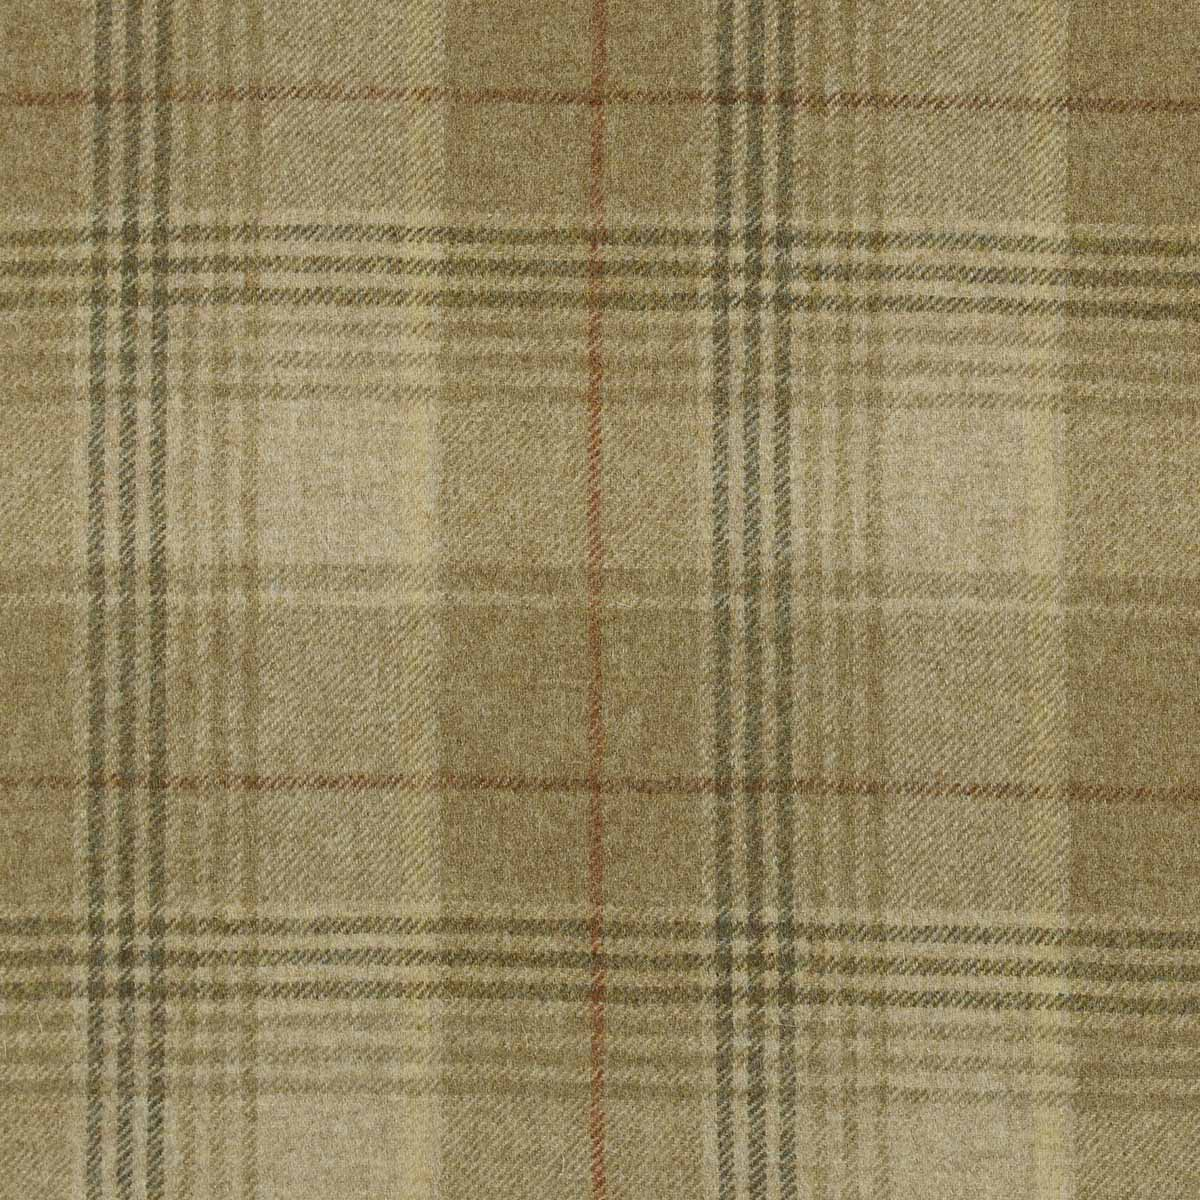 Huntingtower sand fabric baronial abraham moon for Moon pattern fabric
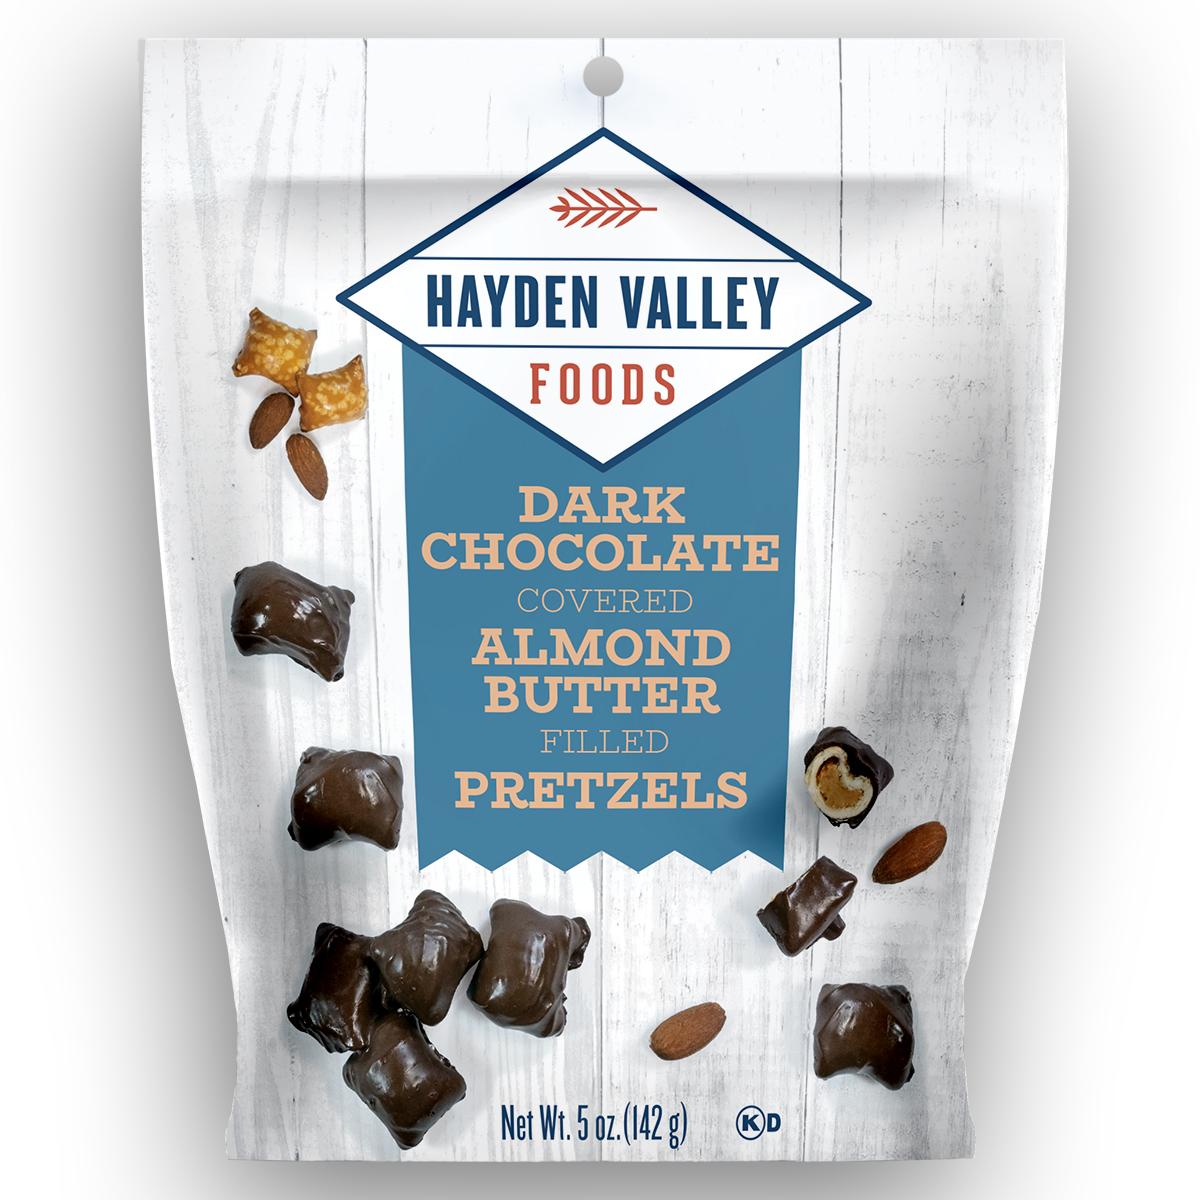 Dark Chocolate Covered Almond Butter Filled Pretzels
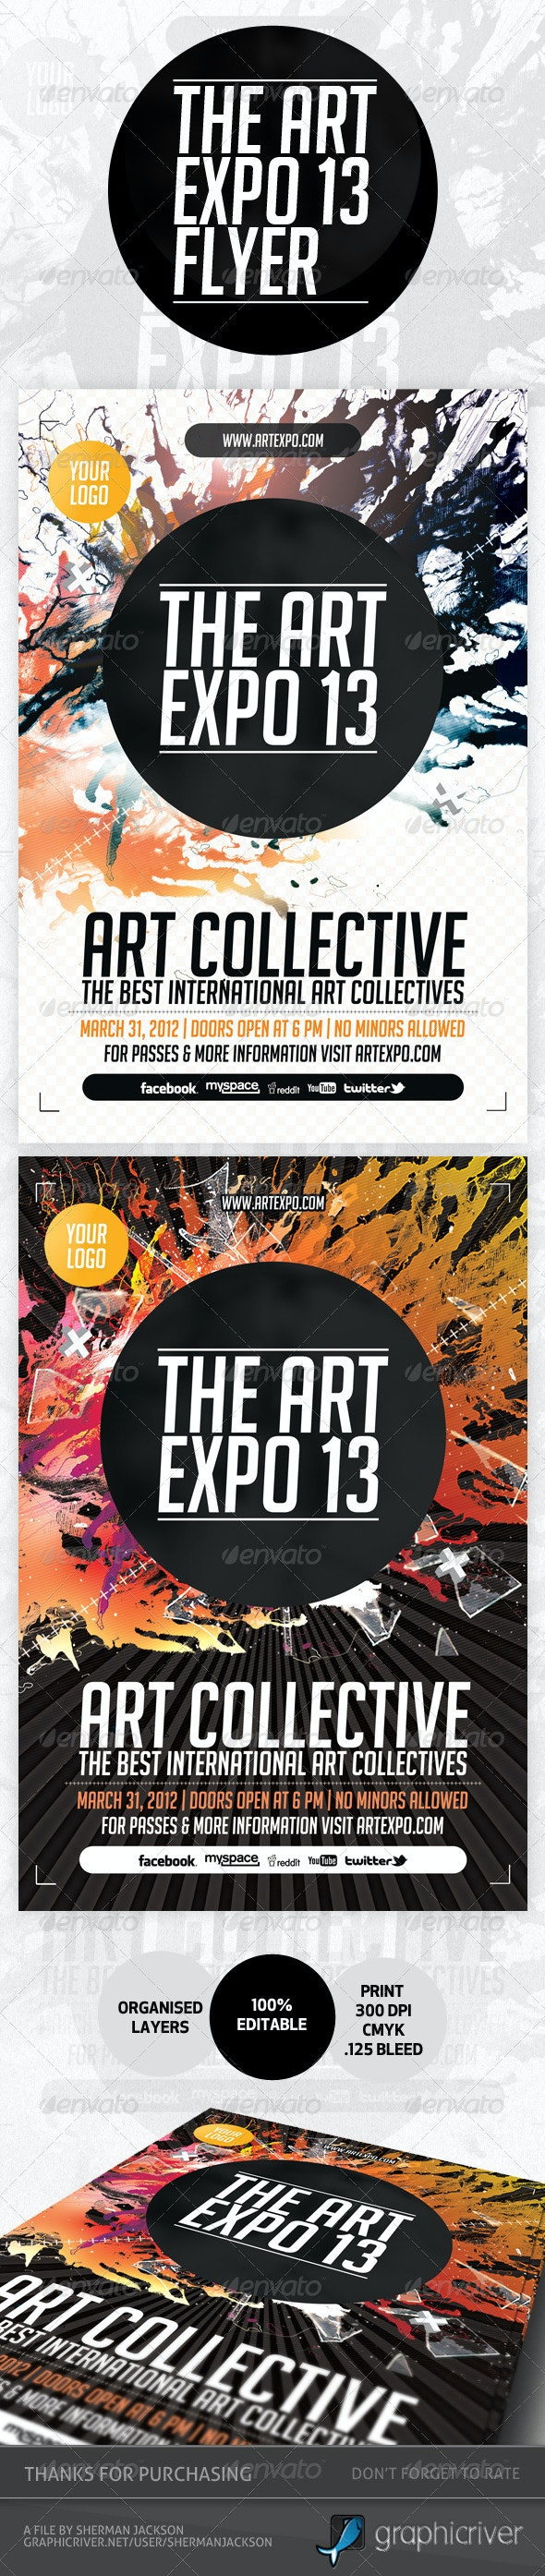 Art Expo & Art Show Event Flyer Template PSD - Miscellaneous Events
------------------------
> [Your task]: In the listing above, transcribe exactly the lines from the line containing "Dark Chocolate Covered" through the last one, both included, but not the pictures.

> [Exercise output]:
 Dark Chocolate Covered Almond Butter Filled Pretzels
 Art Expo & Art Show Event Flyer Template PSD - Miscellaneous Events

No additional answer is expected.